I'm truly sorry to hear about what's going on in your life. Sometimes when it rains, it doesn't just pour, it floods. I know right now that you're not wanting to make things harder for your parents, but I will give you this piece of advice. I'm someone who let my parents pressure me into going into the career they wanted.
Don't do it. Not only will you continue to be unhappy, but if being a doctor is something you really don't want to do, then you might suffer through it today and tomorrow and maybe for a few years, but at some point you'll have enough and you may be resentful of it. I wasted 2 years of my life, my money, and my time going to college for something I didn't want and lord what a waste. I could be so much further along in what I really wanted to do if I'd have done that from the start instead of let pressure to get me.
You say that you hold in your thoughts and your feelings. This is one of those times when you really can't or you're gonna wind up spending your life living someone else's dream. If you're at all interested in medicine, then take a couple of classes of that and a couple of classes of aviation and see what you really like. But if your dream is to be a pilot and that's what you really want, go for it.

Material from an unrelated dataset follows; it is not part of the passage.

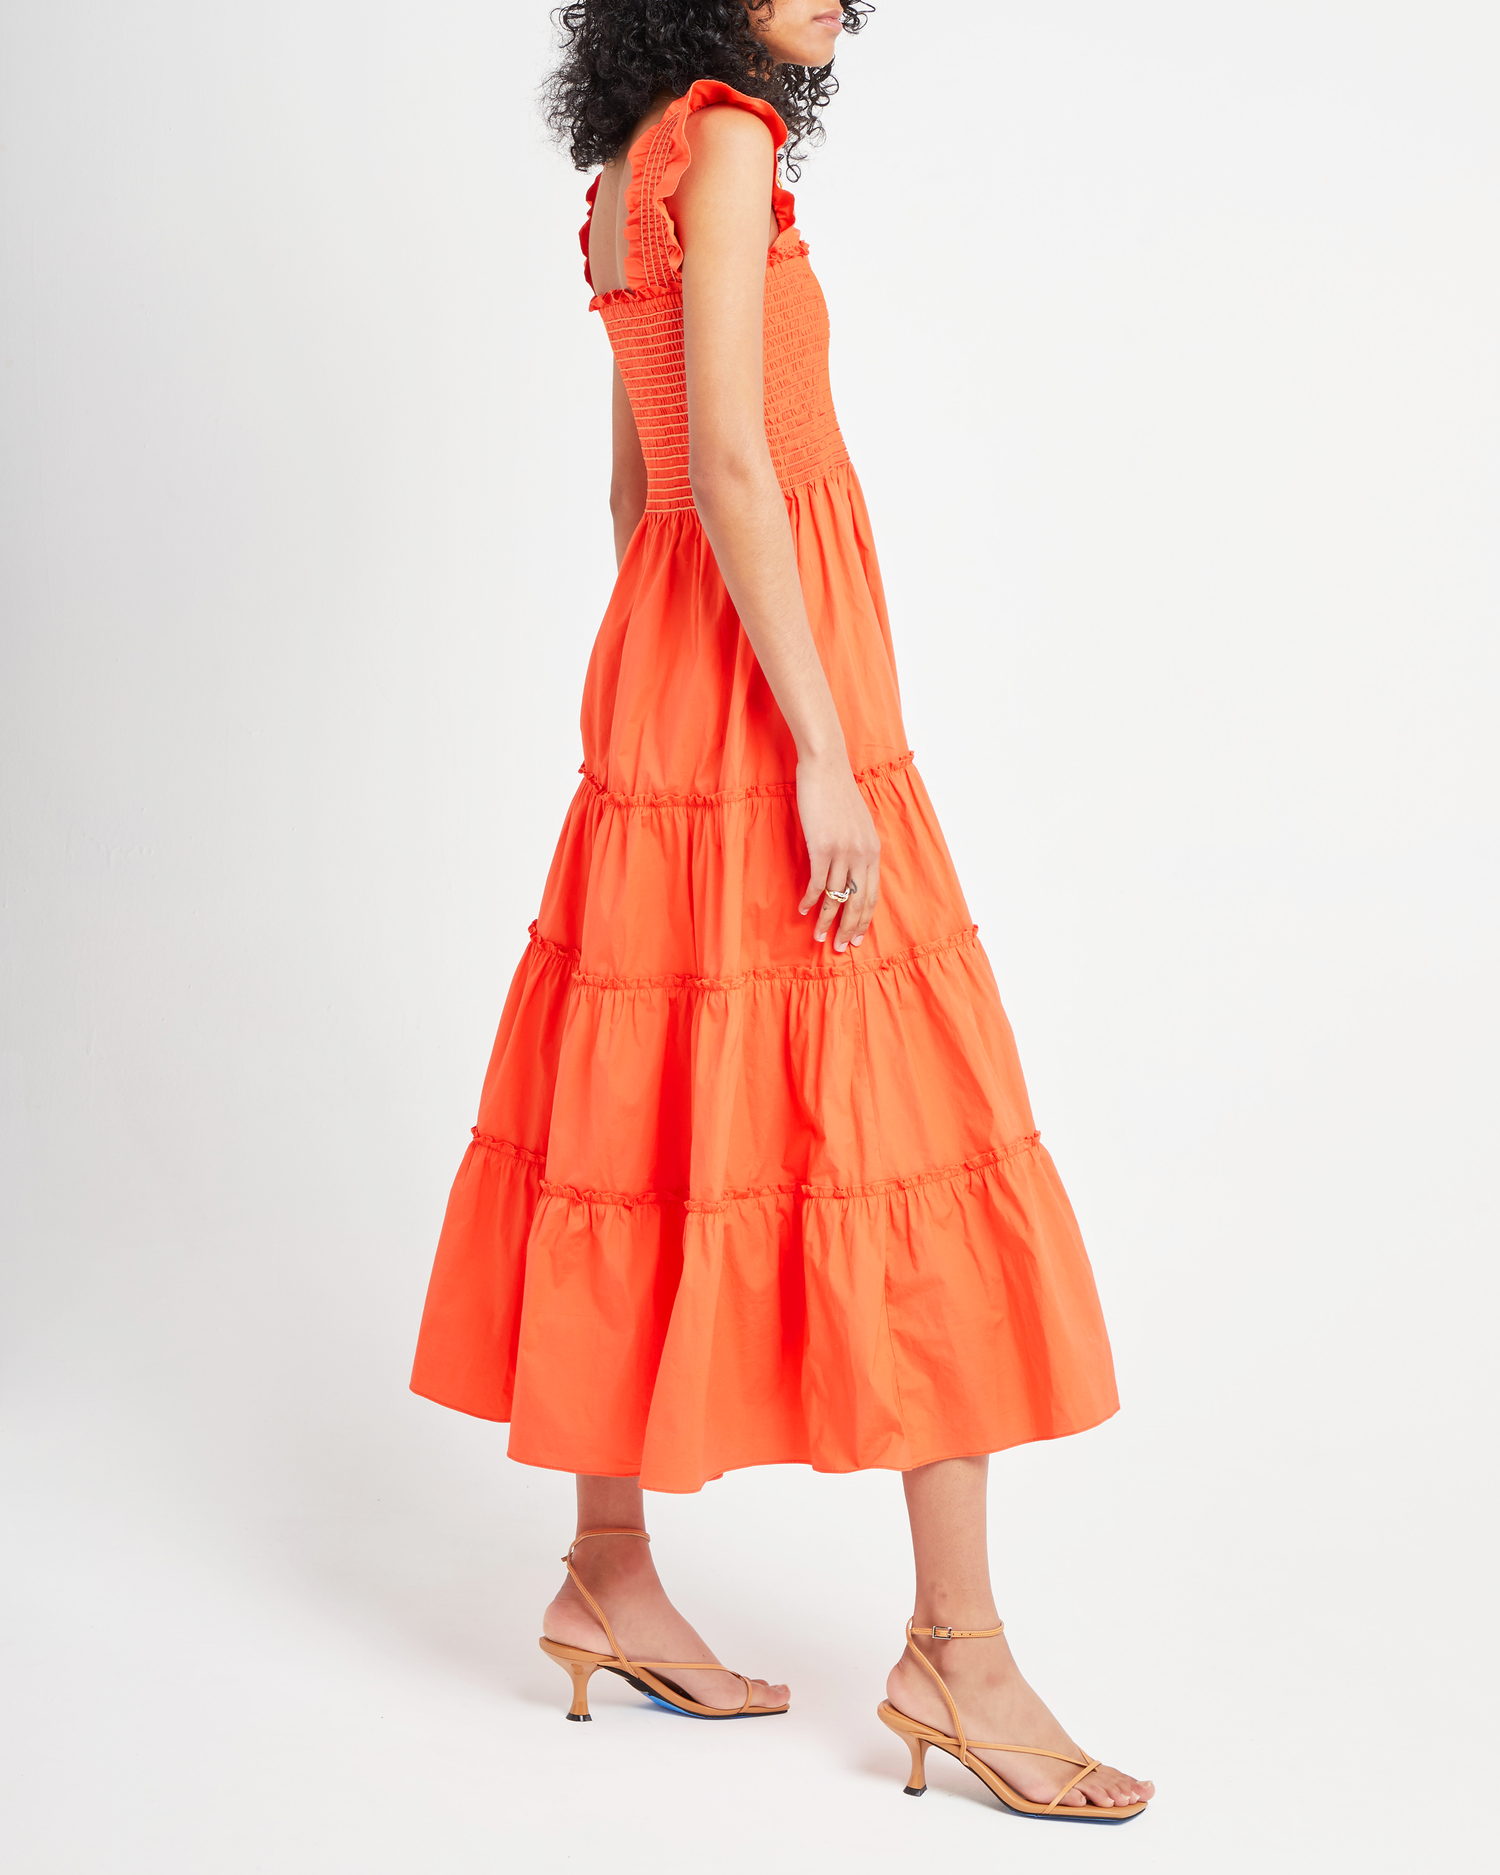 Third image of Calypso Maxi Dress, a orange maxi dress,ruffle cap sleeves, smocked bodice

Explain gently to your parents that you know that they want what's best for you and you appreciate their input very much and you know that it's been a rough time for everyone, you included (tell them how you've felt - you can't bottle that up), but that if you don't at least try to follow a dream you are going to spend your whole life wondering "what if".
That you are standing at a crossroads where you have to make a decision that you feel comfortable living with and that you know that what they truly want for you, what they've worked so hard for all these years, is for you to be happy and be you. If this is who you are, then tell them and ask them to love and support you no matter what happens.
At the very worst... medical school can wait one more year. You'll still be smart in a year from now. Most of all, look on the bright side. You're about to go to college, begin your life, maybe live in a dorm or an apartment, meet new friends, start to really live again. It also sounds like your little sister is on the road to recovery. I know it doesn't seem like it with all she's had to suffer, but it's something to be thankful for. Maybe you can find a way to inspire her? To show her that nothing is beyond her reach? Or maybe you can let her inspire you. She sounds like a fighter.
Also, find a therapist you like, interview a couple of them until you find one that clicks with you. And have someone to talk to. You can't bottle all of your feelings up, it'll eat away at you until it comes out at the most inopportune and terrible moment. You definitely don't want to be giving a presentation in class and suddenly burst into tears. The human body has to grieve, has to express pain. It's healthy. To suppress it is very unhealthy and it will bite you in one way or another. Some colleges offer free therapy to their students if your family can't afford it right now. Look into it. I know the budget is tight, but don't put it off too long.
I really wish the best for you and your family in this difficult time and that things start to really turn around for you all. Take care of you.